- _TASK TO CARRY OUT_:
Only one stretch of the material below is wanted: everything from the line containing "Ketvirtadienį D.Grybauskaitė su" down to the line containing "Mid Blue Wash", both ends included. Repeat it exactly and skip the pictures.

- _INFORMATION_:
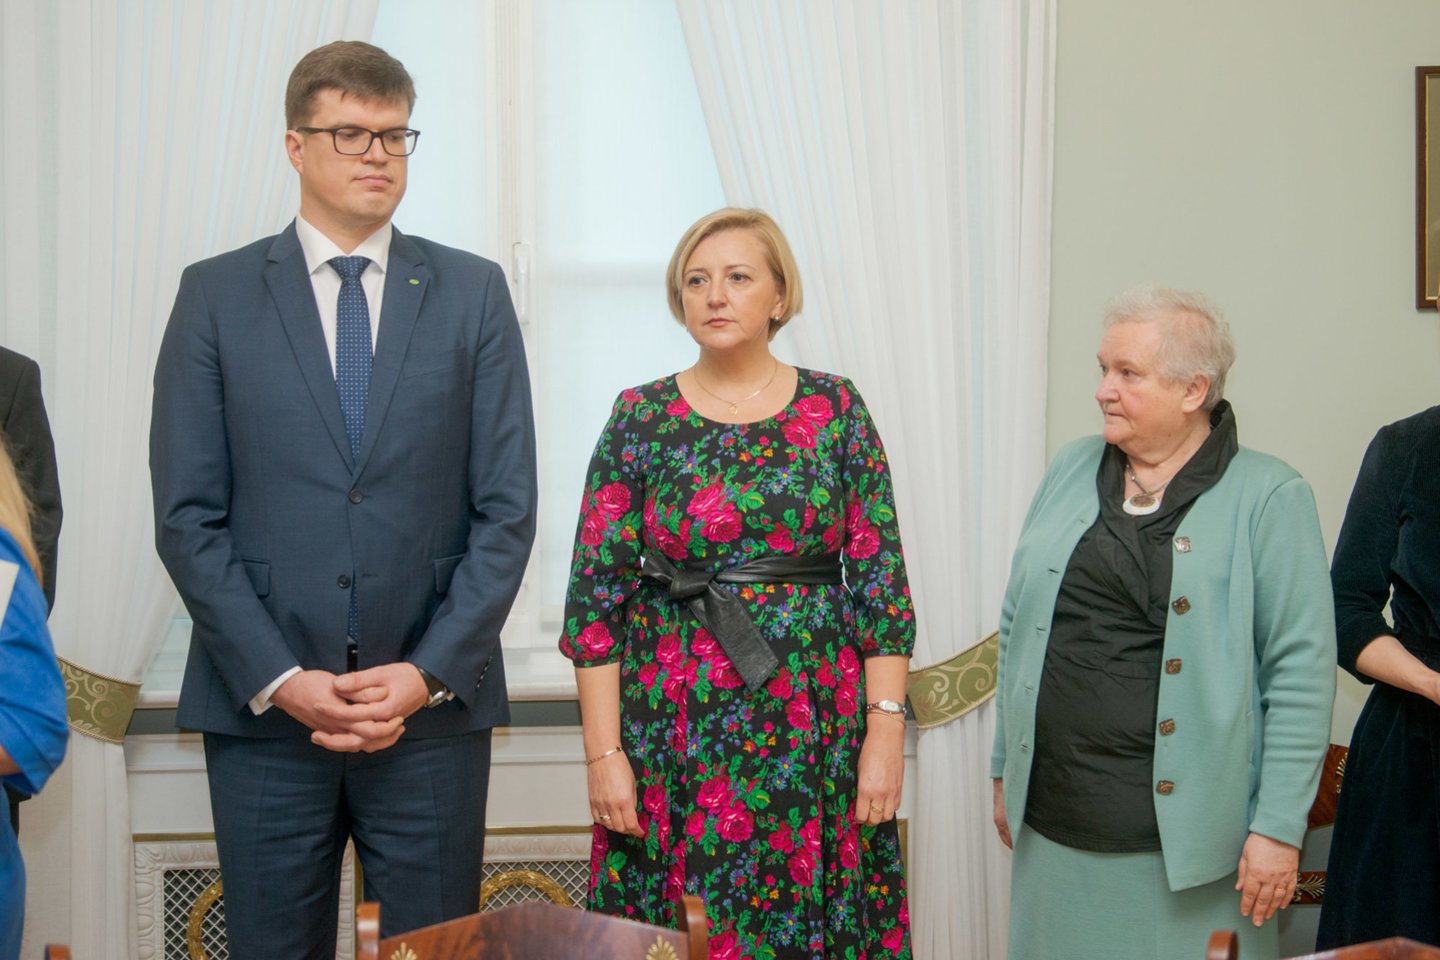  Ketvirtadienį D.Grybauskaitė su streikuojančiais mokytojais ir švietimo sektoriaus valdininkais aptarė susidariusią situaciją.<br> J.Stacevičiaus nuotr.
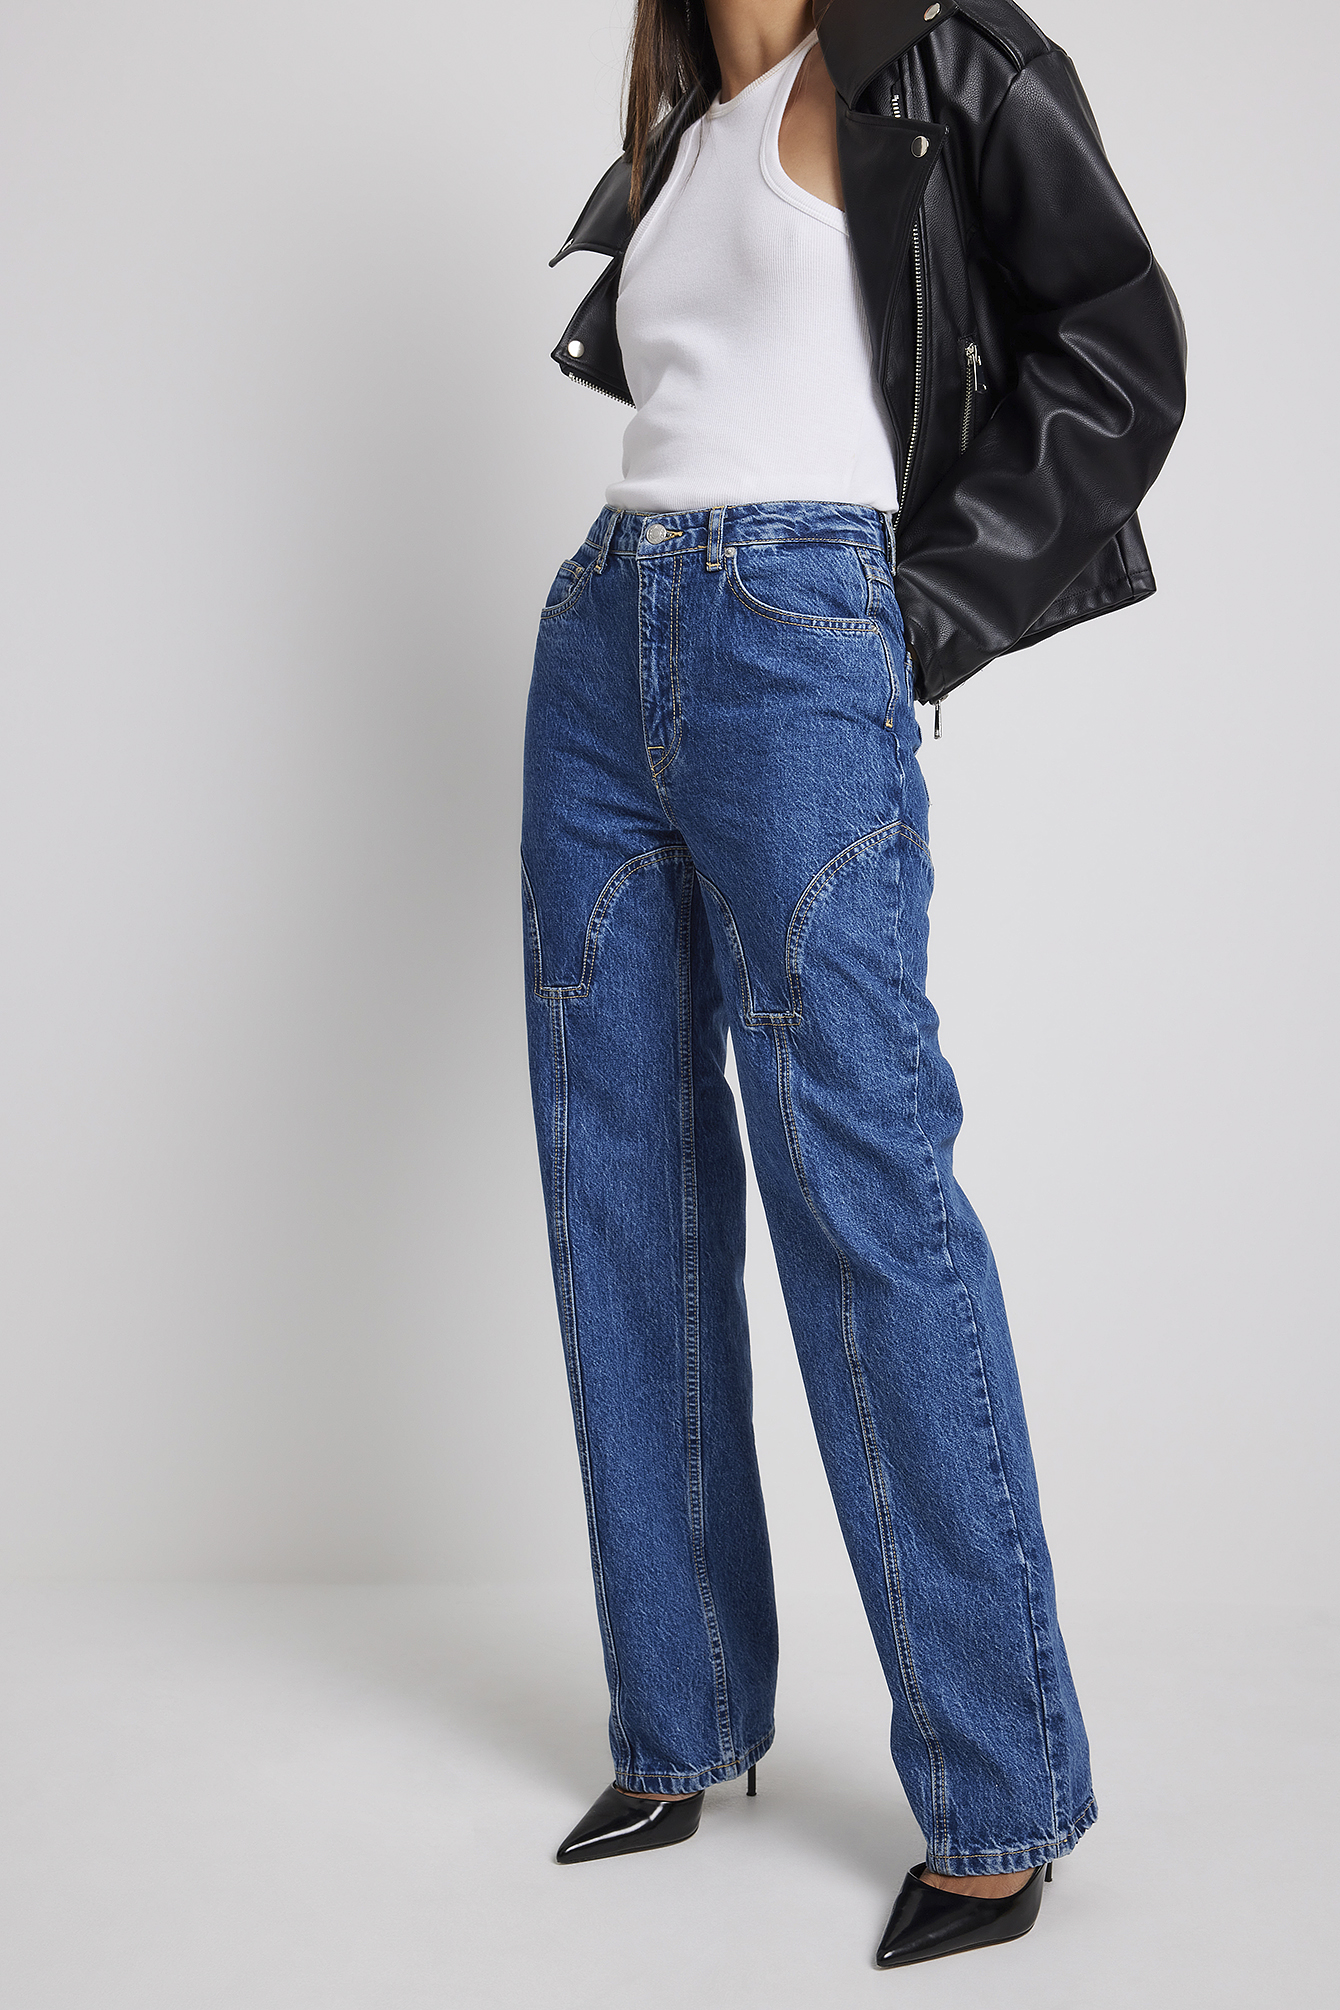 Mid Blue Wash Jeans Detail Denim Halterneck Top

--

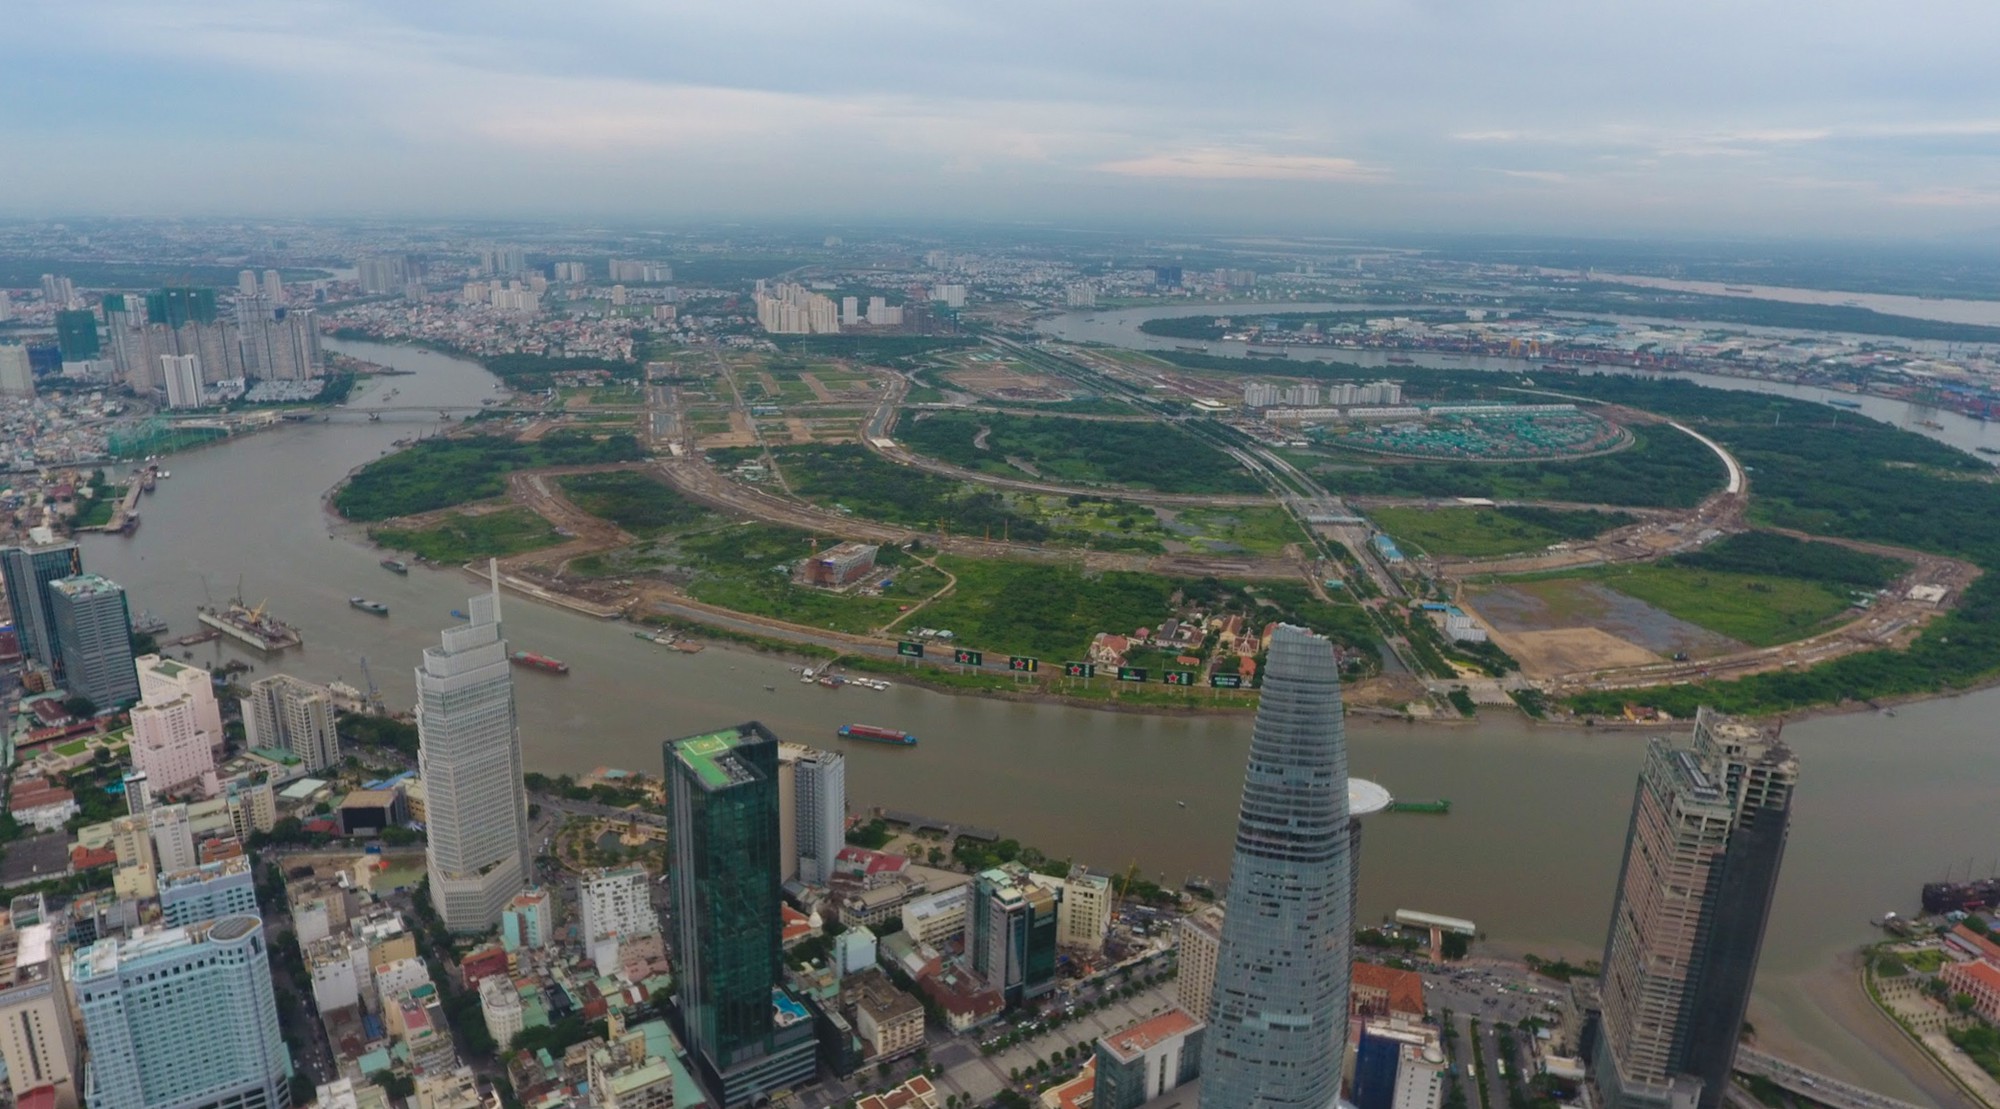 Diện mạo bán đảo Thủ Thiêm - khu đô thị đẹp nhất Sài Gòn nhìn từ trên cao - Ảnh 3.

==

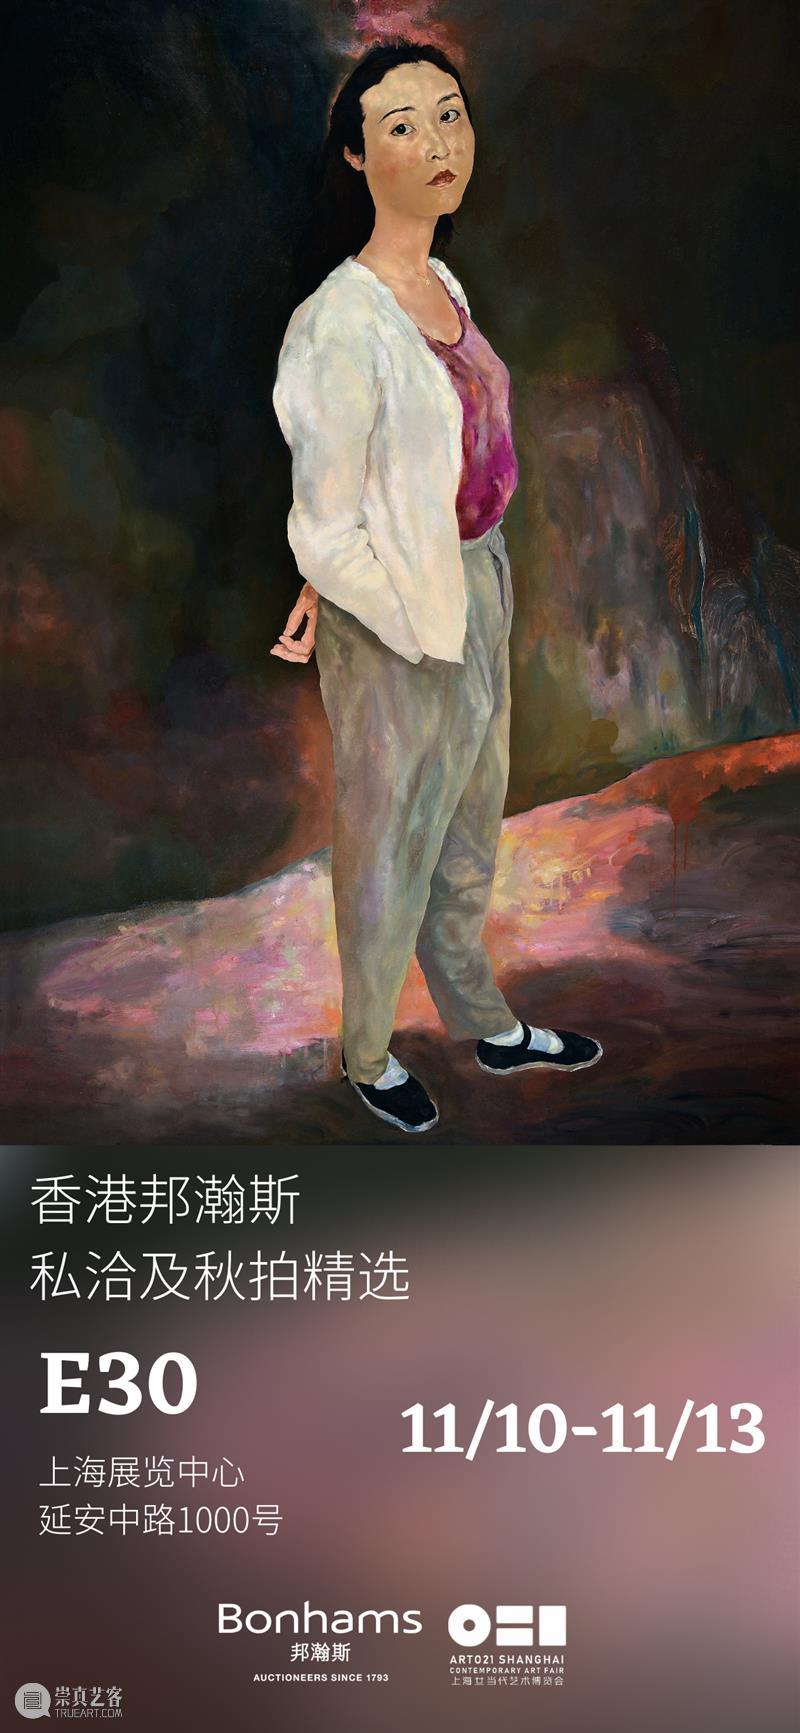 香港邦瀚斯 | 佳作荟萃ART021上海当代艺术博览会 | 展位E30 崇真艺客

- _YOUR SOLUTION_:
  Ketvirtadienį D.Grybauskaitė su streikuojančiais mokytojais ir švietimo sektoriaus valdininkais aptarė susidariusią situaciją.<br> J.Stacevičiaus nuotr.
 Mid Blue Wash Jeans Detail Denim Halterneck Top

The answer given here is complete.